The San Diego Chargers have a culture problem, and it’s one they have had for years. The problem was best described by a member of the New England Patriots, after that team defeated the Chargers in San Diego in a championship game. He said, “The Chargers are a team where they come out before the game with their helmets off and everybody has their own sack dance.”
This team’s culture is not about being a professional football player, it’s about being a celebrity. During the game it’s about making the play, not because that is the job but because, having made the play, one can do a dance and call attention to one’s self. Off the field it’s about being seen in the most fashionable nightclub with a pretty girl on one’s arm, and driving home from that club with a blood alcohol of .15% or more.
This team is undisciplined, always has been. Too many missed assignments; missed because the player thought he could go make the play; make the play so that he could then do his “look at me” dance. I’ve watched a lot of football games, a lot of teams; I have never seen so many missed assignments and so much self-adulating celebration.

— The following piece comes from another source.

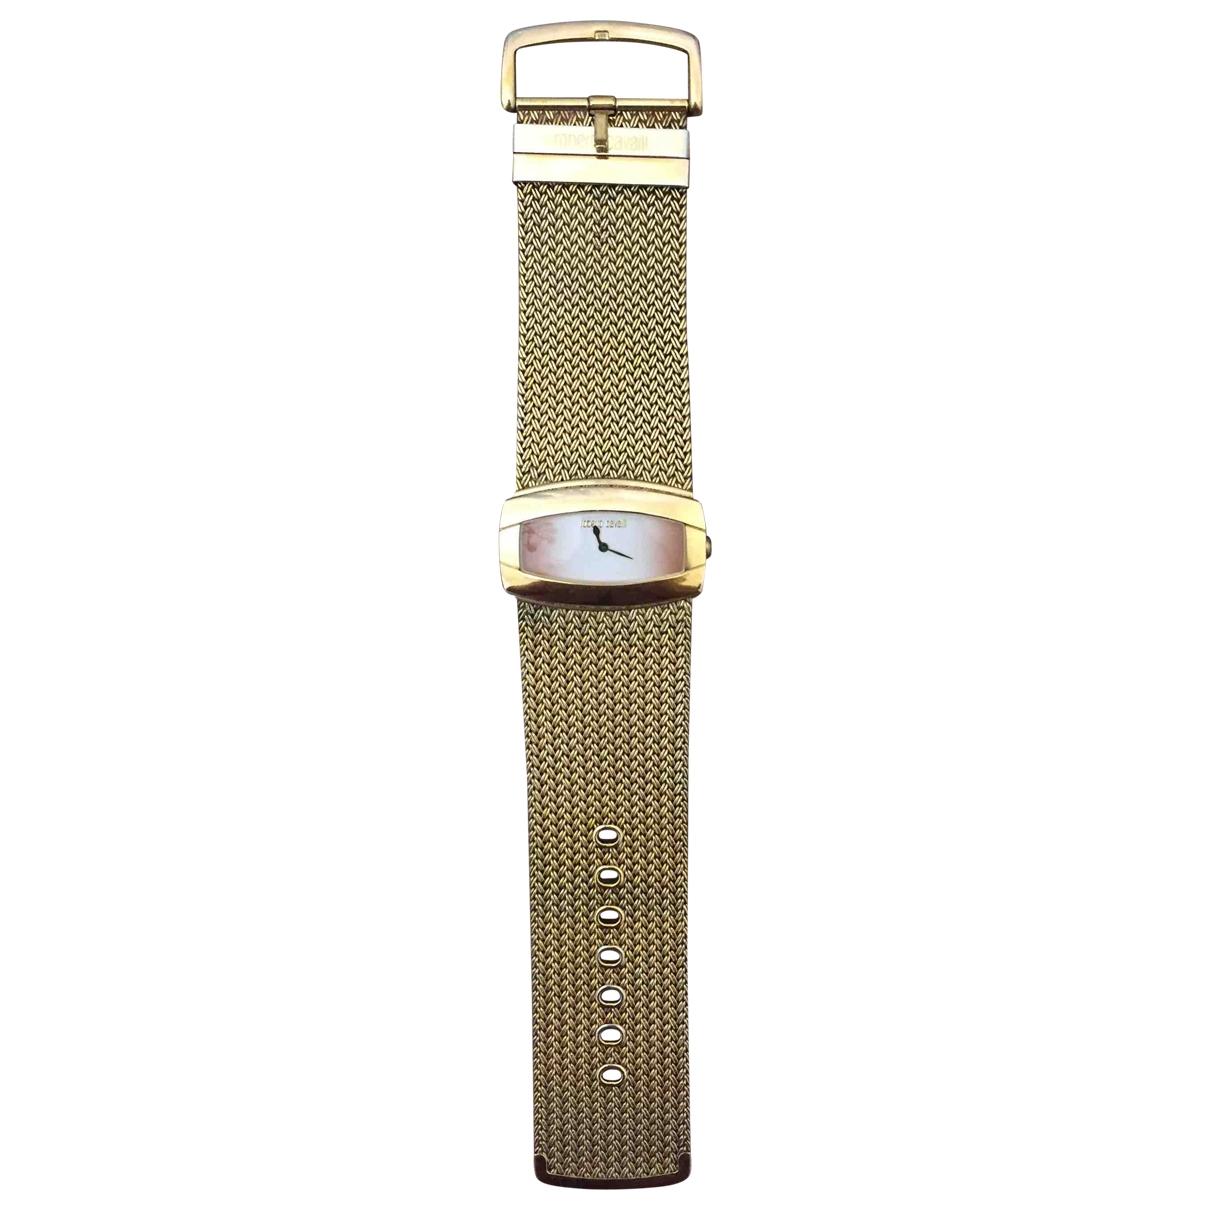 Roberto Cavalli \N Uhr in  Gold Stahl
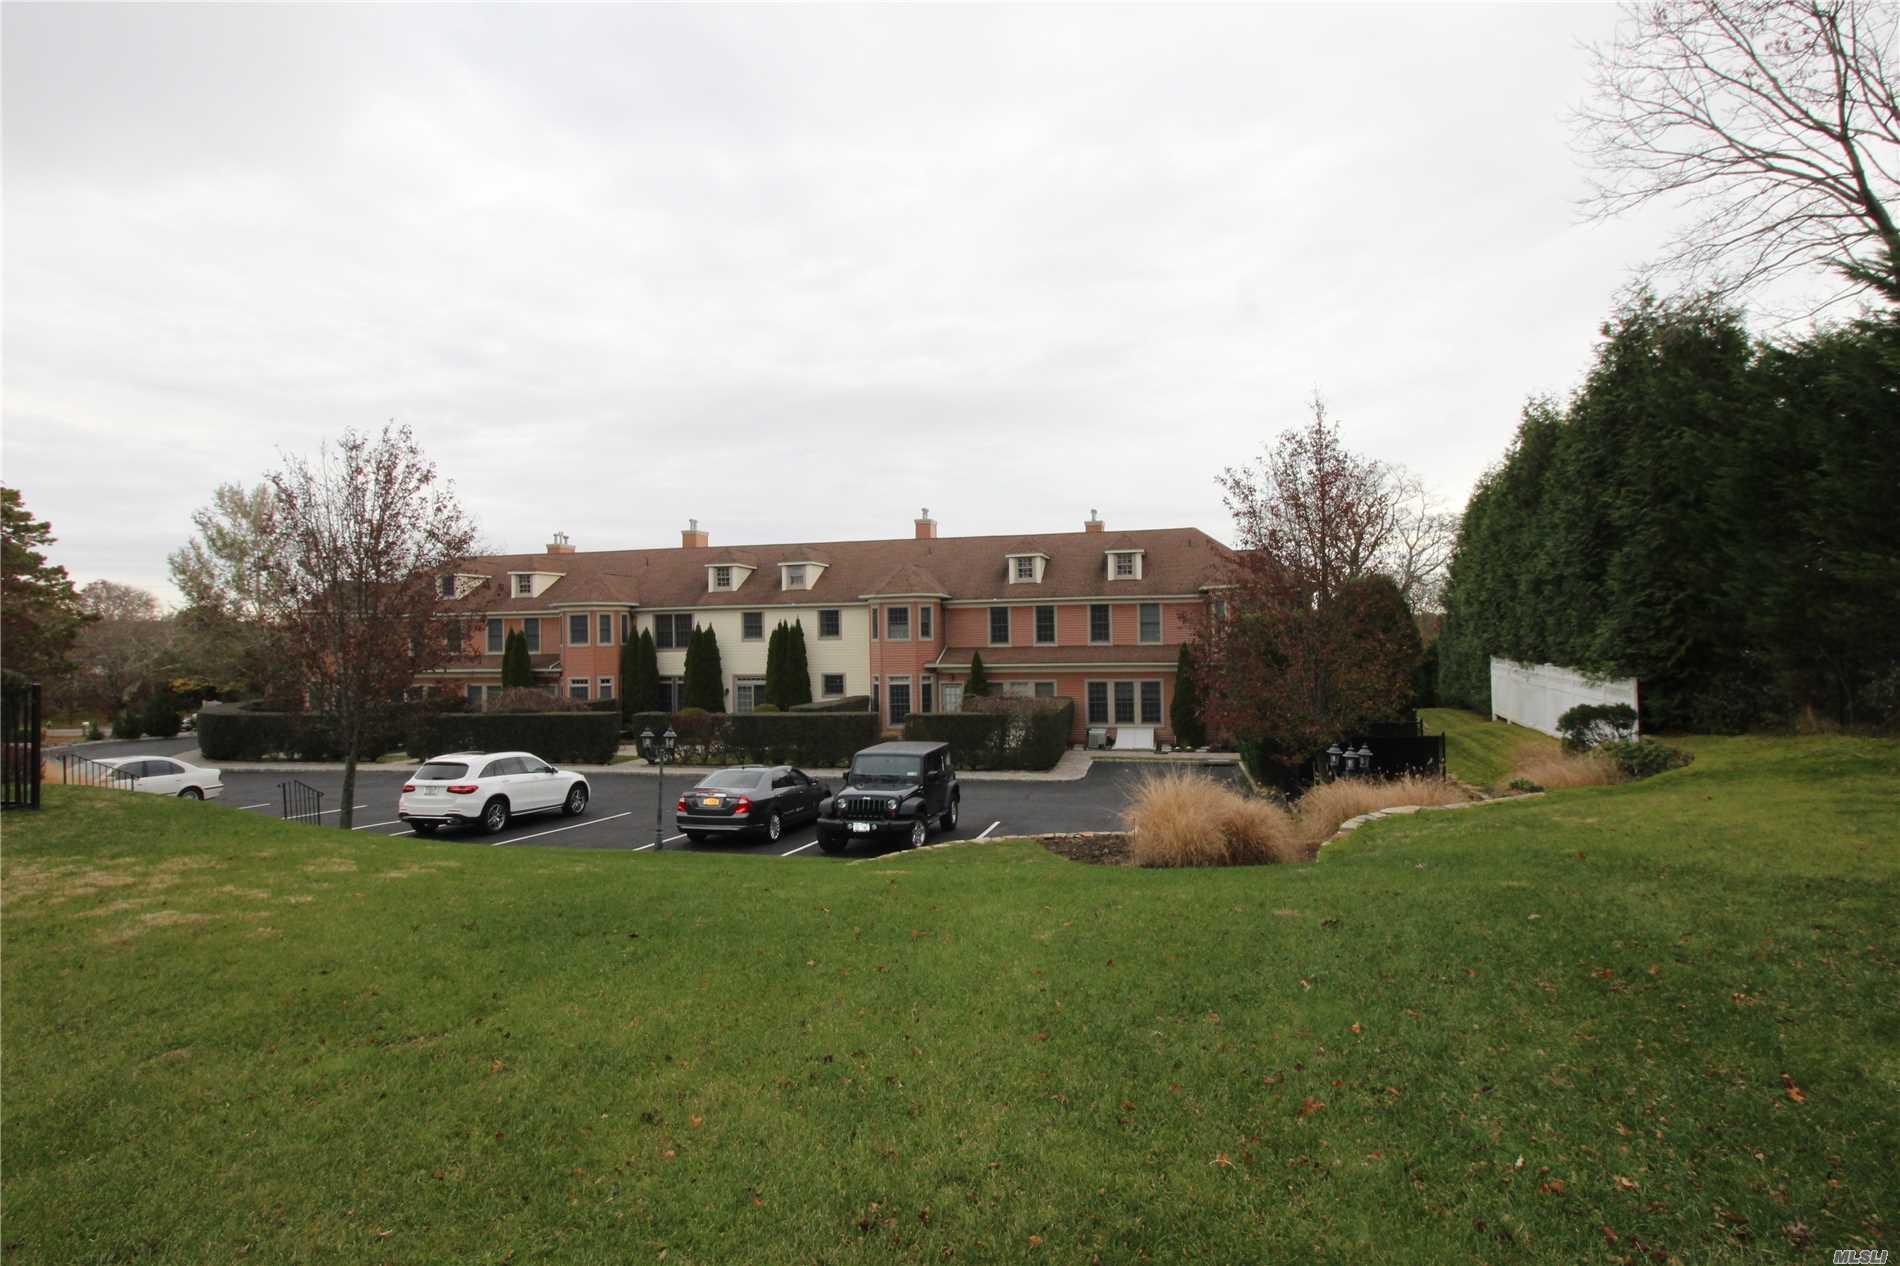 Property for sale at 66 W Tiana Rd, Hampton Bays,  NY 11946

This team has won games because a high-powered offense has often overcome the inability of the defense to play for more than about thirty minutes before the lifestyle of nightclubbing and partying takes its toll, but the offense has to do that in the thirty minute limit that their similar lifestyle imposes on their peak play.
A brain and body that was drunk on Friday night is not mentally or physically ready to play NFL football on Sunday.
On the Friday night before the playoff game with the Jets last year, Chargers players were out partying and nightclubbing, and claim that had no effect on their loss Sunday to the Jets. The Jet players were not out partying Friday night, they were staying in peak physical condition, were mentally preparing to play a complex and demanding game, and they made the Chargers look like fools. Which they were, and are.